In the present study, where the majority of clinical events were AVR, MPG was, as expected, the most important predictor of outcome. However, CMR EF1 was a powerful predictor of AVR or death with a threshold of 20%, independent of AS severity. This is consistent with our TTE EF1 data[1, 2], allowing for the mean difference of 5% between CMR EF1 and TTE EF1. The prognostic value of EF1 demonstrates the importance of examining LV function in early systole over the portion of the cardiac cycle in which there is active contraction. The marked discordance between EF1 and overall LVEF in relation to outcomes is consistent with length-dependent regulation of sarcomere function acting as a homeostatic mechanism to preserve EF when initial contraction is impaired.

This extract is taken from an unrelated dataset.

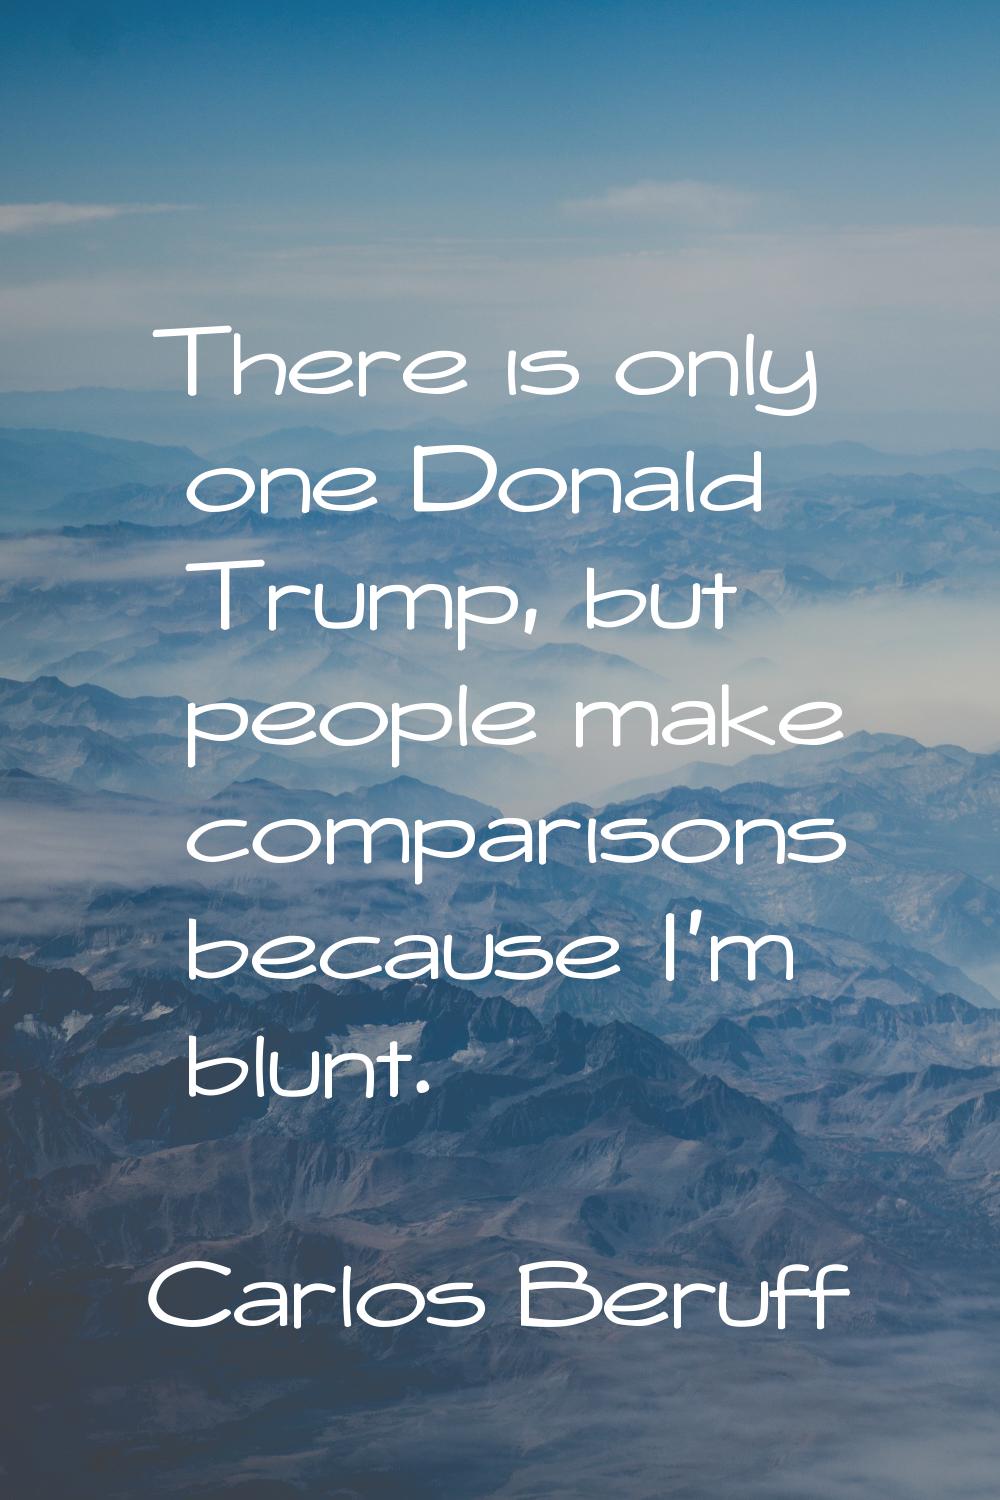 There is only one Donald Trump, but people make comparisons because I'm blunt.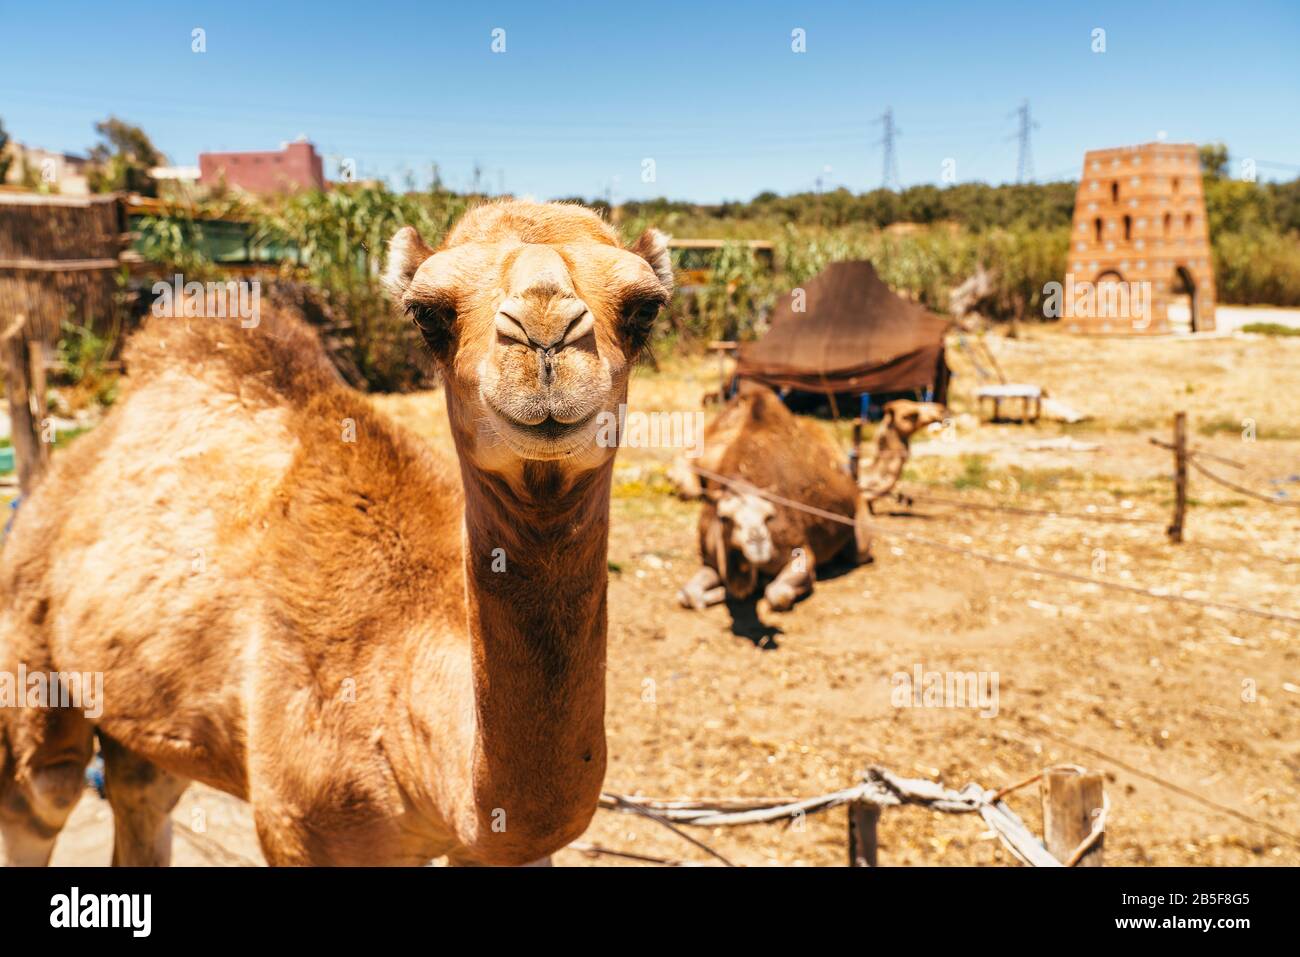 First plane of camel and dromedary in Mequinenza, near Fez, Morocco. Stock Photo

CMR allows the correlation of systolic LV function with structural change in the myocardium. That iECV was a predictor of outcome on univariate but not on multivariable analysis once EF1 was included in the model suggests that impact of iECV on outcome is mediated through its functional effects on early systolic contraction. This would be consistent with early expansion of the extracellular matrix due to chronic increased afterload as well as later apoptosis of myocytes and replacement fibrosis, both of which may occur prior to the onset of symptoms or a deterioration in overall ejection fraction [14, 15]. The combined power of CMR to assess early systolic function by EF1 as well as the underling myocardial structure may offer new insights into a variety of cardiac pathologies characterised by myocardial fibrosis and help refine the structural measures most closely related to function and hence to prognosis.

Limitations

The present study has several limitations. Firstly, this is a post-hoc analysis of a single centre observational cohort with a relatively small sample size. Our observations regarding EF1 are consistent with two prior reports of TTE EF1 in AS, one of which was conducted in this cohort, but are subject to confounding. Conclusions regarding causality cannot be drawn from the cross-sectional correlations presented. Both CMR and TTE EF1 were measured from a single beat, which did not account for beat-to-beat variation, a weakness common to many haemodynamic measurements. Phase contrast (flow) and cine imaging were not obtained at the same time and this could have contributed to variation in EF1. However, the majority of patients were in sinus rhythm and variability of CMR-derived EF1 was less than that of TTE-derived EF1. CMR and TTE were not performed on the same day but in most subjects were performed within 5 days. CMR EF1 requires adequate short axis 3D stack image quality and could not be measured in 25 patients. Larger prospective studies will be required to determine the relative prognostic power of CMR and TTE EF1.

Conclusions

EF1, a simple and robust marker of early LV impairment, be measured accurately by CMR, and predicts outcome in AS. Its measurement by CMR is more reproducible than that by TTE and may facilitate LV structure–function analysis.